WHAT YOU WILL DO: Your output should match the listing below word for word, without any images.

MATERIAL PROVIDED:
..........

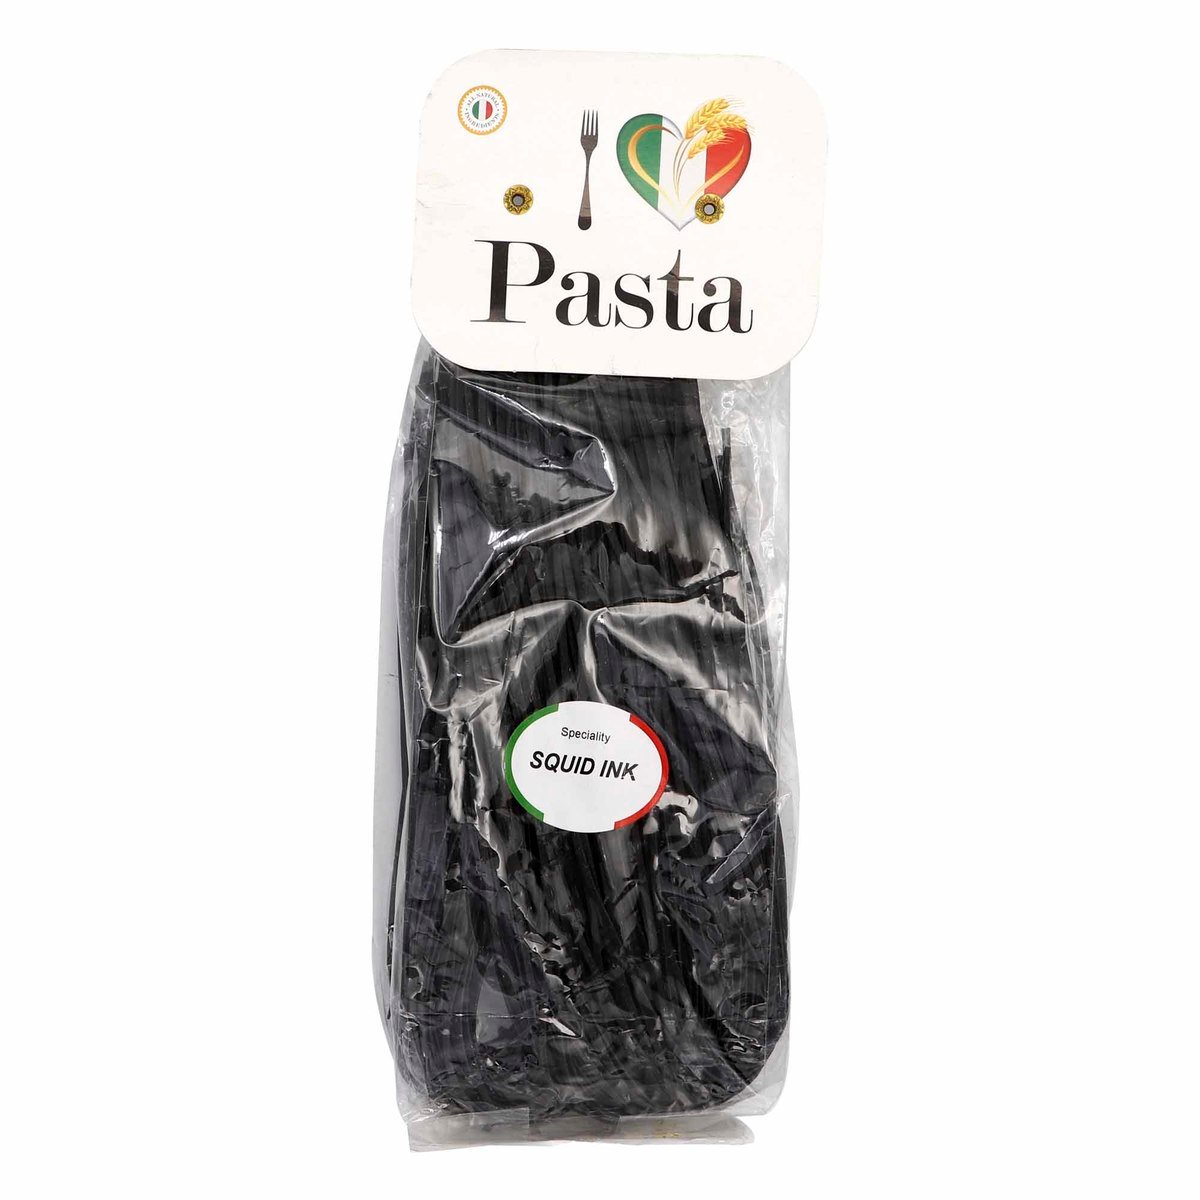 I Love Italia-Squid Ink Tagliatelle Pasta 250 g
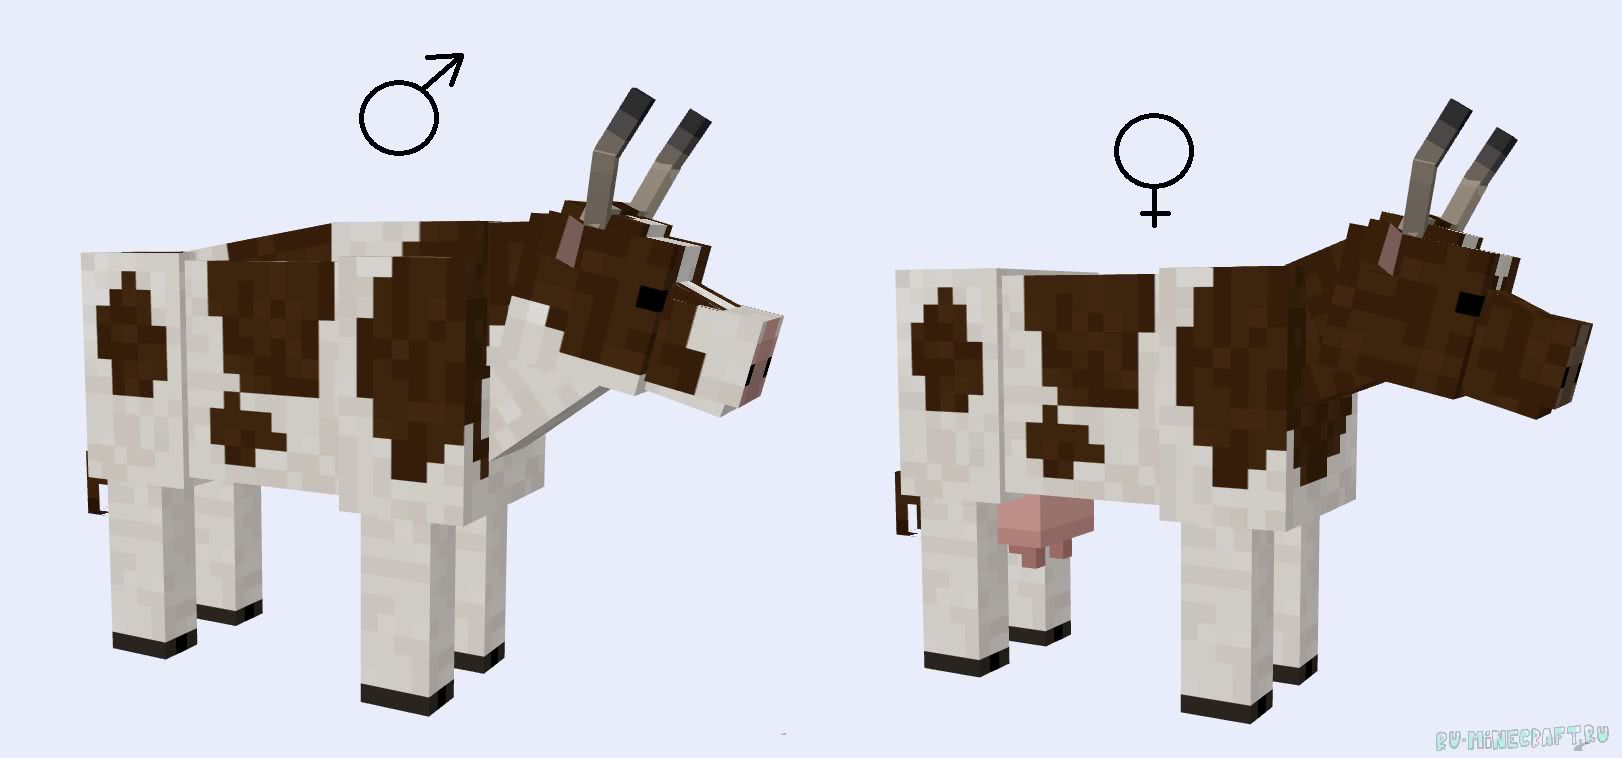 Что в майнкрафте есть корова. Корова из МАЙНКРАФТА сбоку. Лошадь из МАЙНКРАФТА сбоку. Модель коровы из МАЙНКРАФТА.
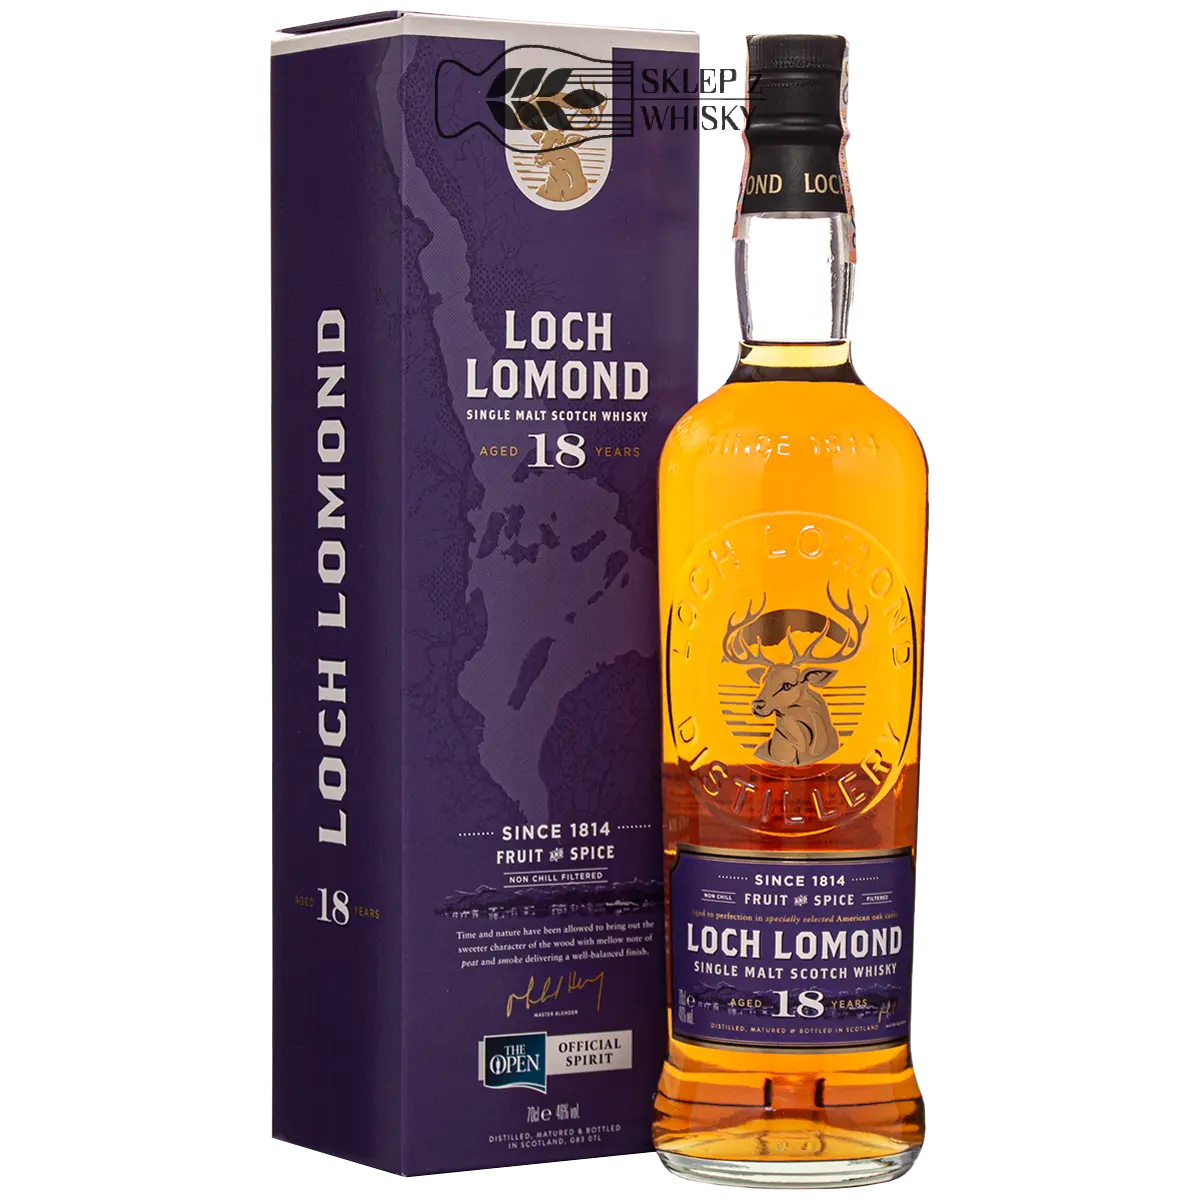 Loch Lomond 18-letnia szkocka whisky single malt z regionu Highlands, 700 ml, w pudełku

..........

SOLUTION:
 I Love Italia-Squid Ink Tagliatelle Pasta 250 g
 Что в майнкрафте есть корова. Корова из МАЙНКРАФТА сбоку. Лошадь из МАЙНКРАФТА сбоку. Модель коровы из МАЙНКРАФТА.
 Loch Lomond 18-letnia szkocka whisky single malt z regionu Highlands, 700 ml, w pudełku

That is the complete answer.